## COLLECTED DATA
_ _ _ _ _ _ _
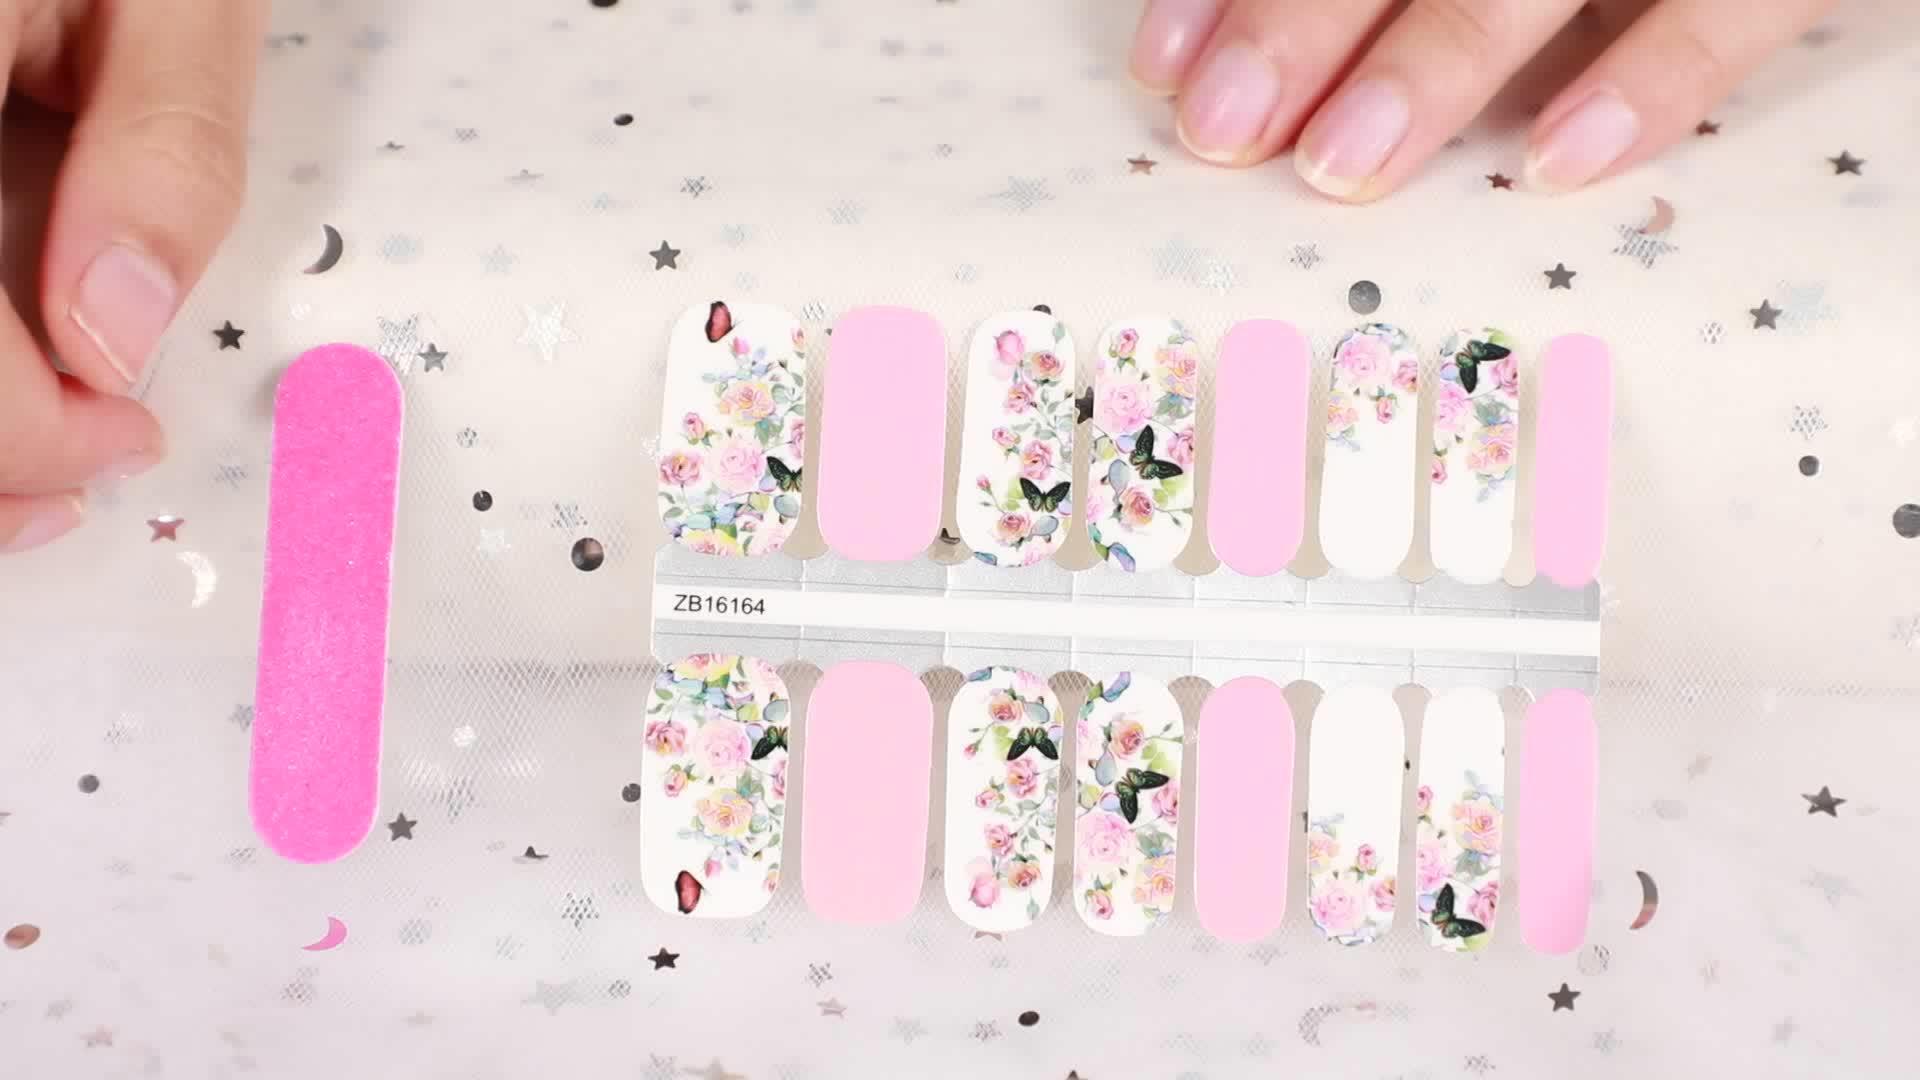 Laatste Volledige Cover Famous Brand Nagellak Sticker Marmeren Nail Art Design wraps, Nail strips
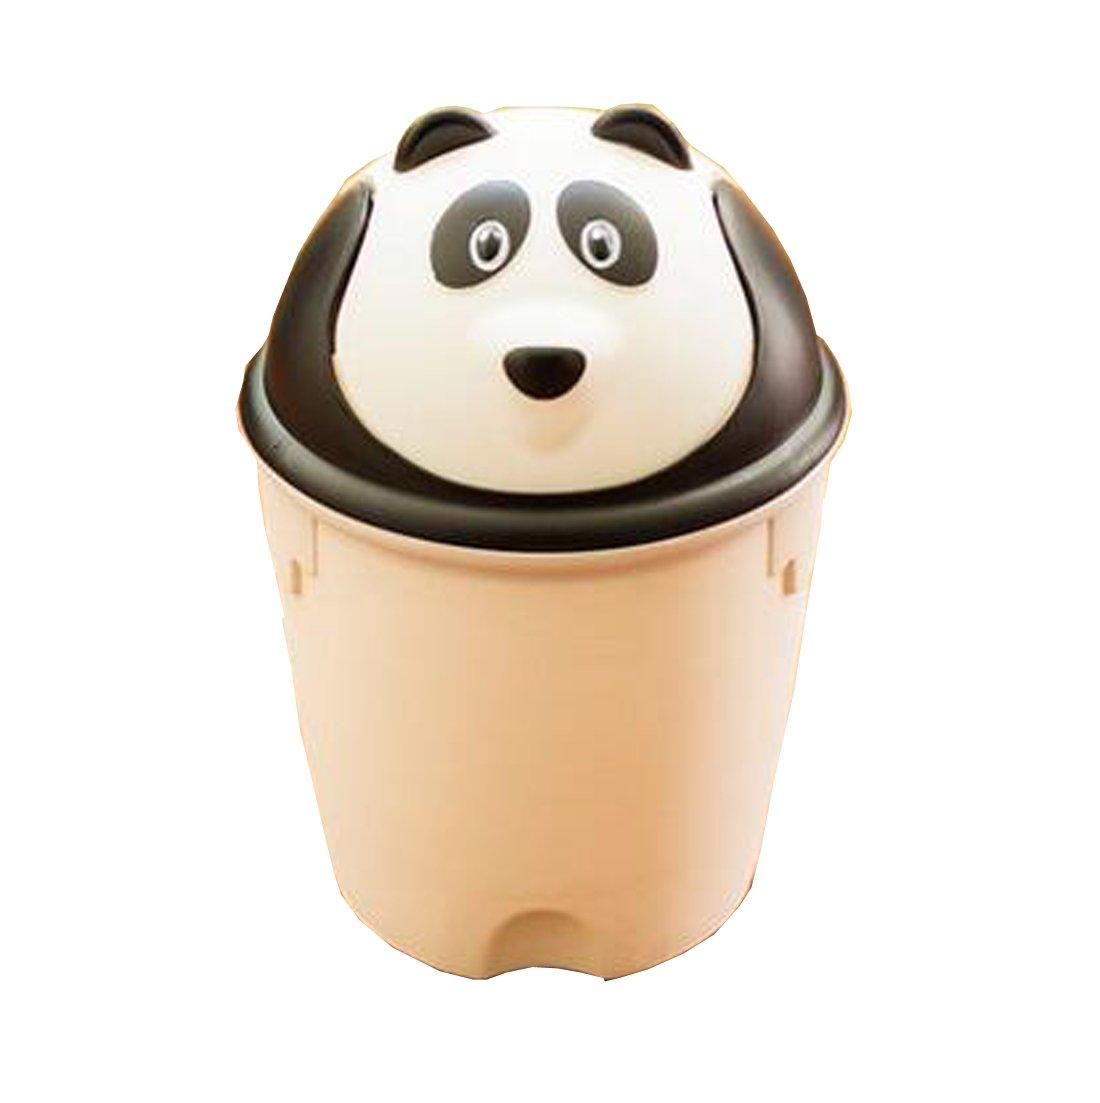 LAN-GO Plastic Animal Cartoon Swing Lid Table Desk Car Mini Trash Can Trash Bin (As description, White panda)
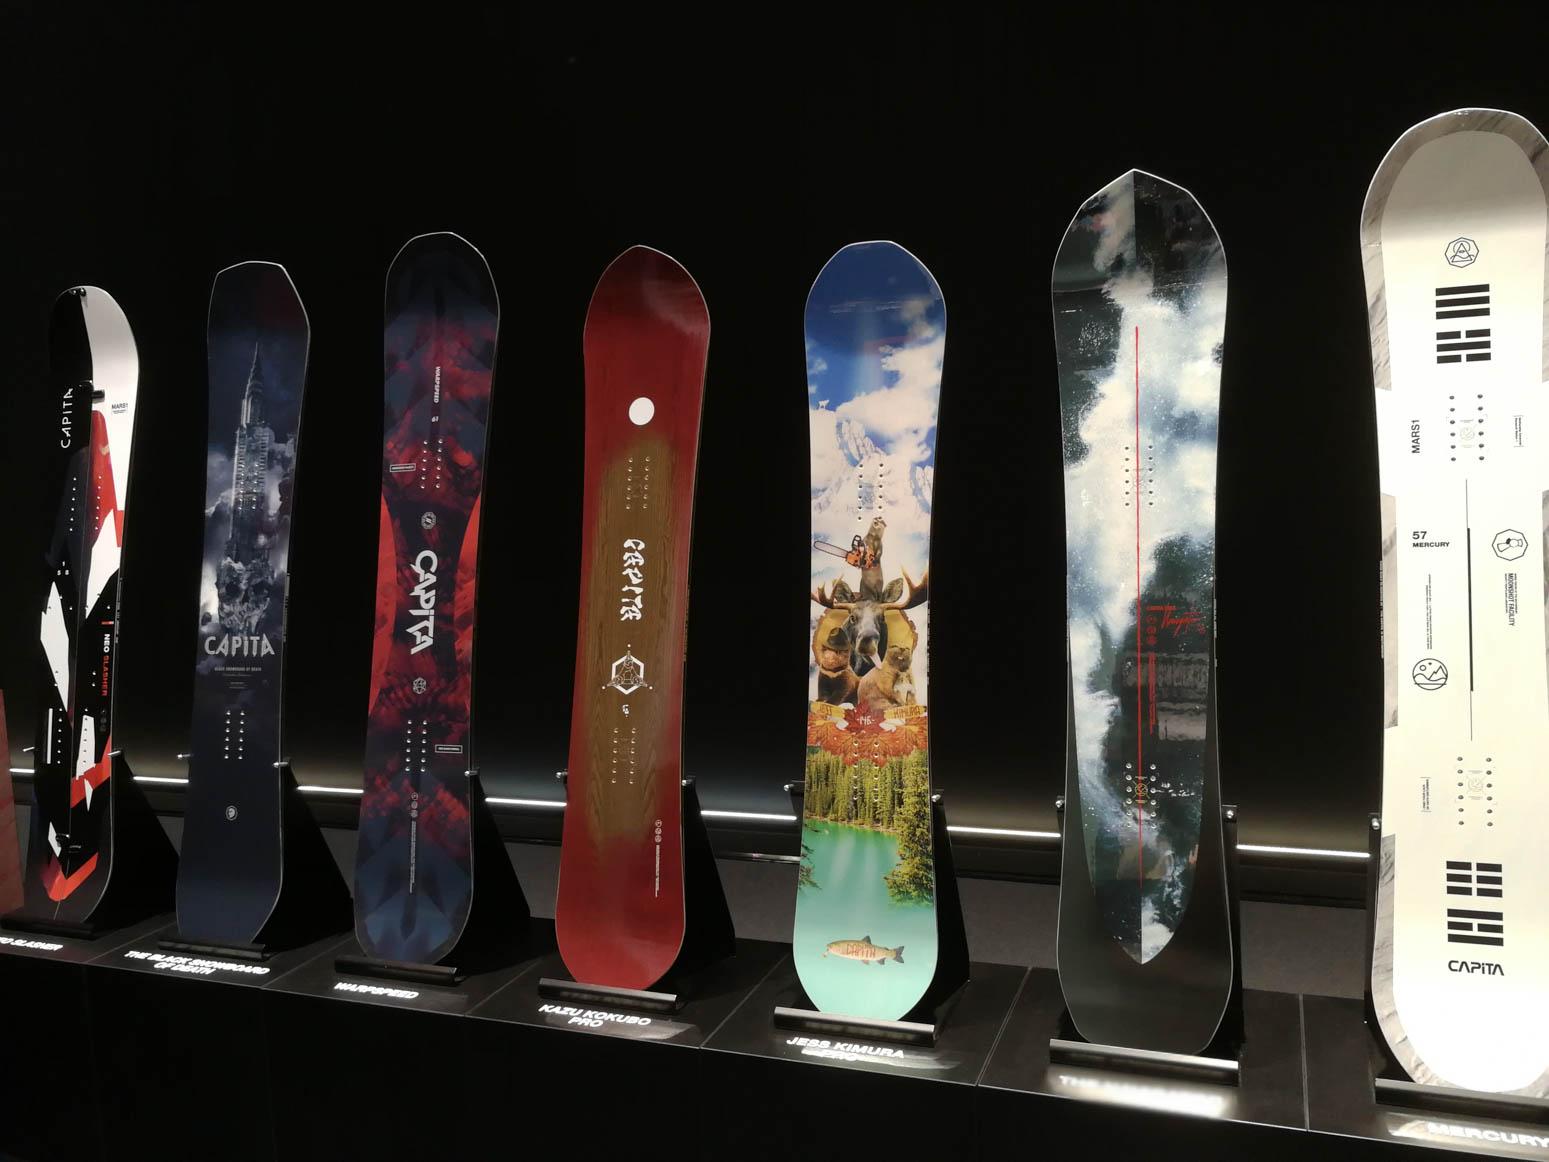 Capita (links nach rechts): Neo Slasher, Black Snowboard of Death 18/19, Warpspeed, Kazu Kobubo Pro, Jess Kimura Pro, The Navigator, Mercury
_ _ _ _ _ _ _
## WORK ORDER
Type the listing above out again exactly, and omit all pictures.

## WRITTEN REPLY
 Laatste Volledige Cover Famous Brand Nagellak Sticker Marmeren Nail Art Design wraps, Nail strips
 LAN-GO Plastic Animal Cartoon Swing Lid Table Desk Car Mini Trash Can Trash Bin (As description, White panda)
 Capita (links nach rechts): Neo Slasher, Black Snowboard of Death 18/19, Warpspeed, Kazu Kobubo Pro, Jess Kimura Pro, The Navigator, Mercury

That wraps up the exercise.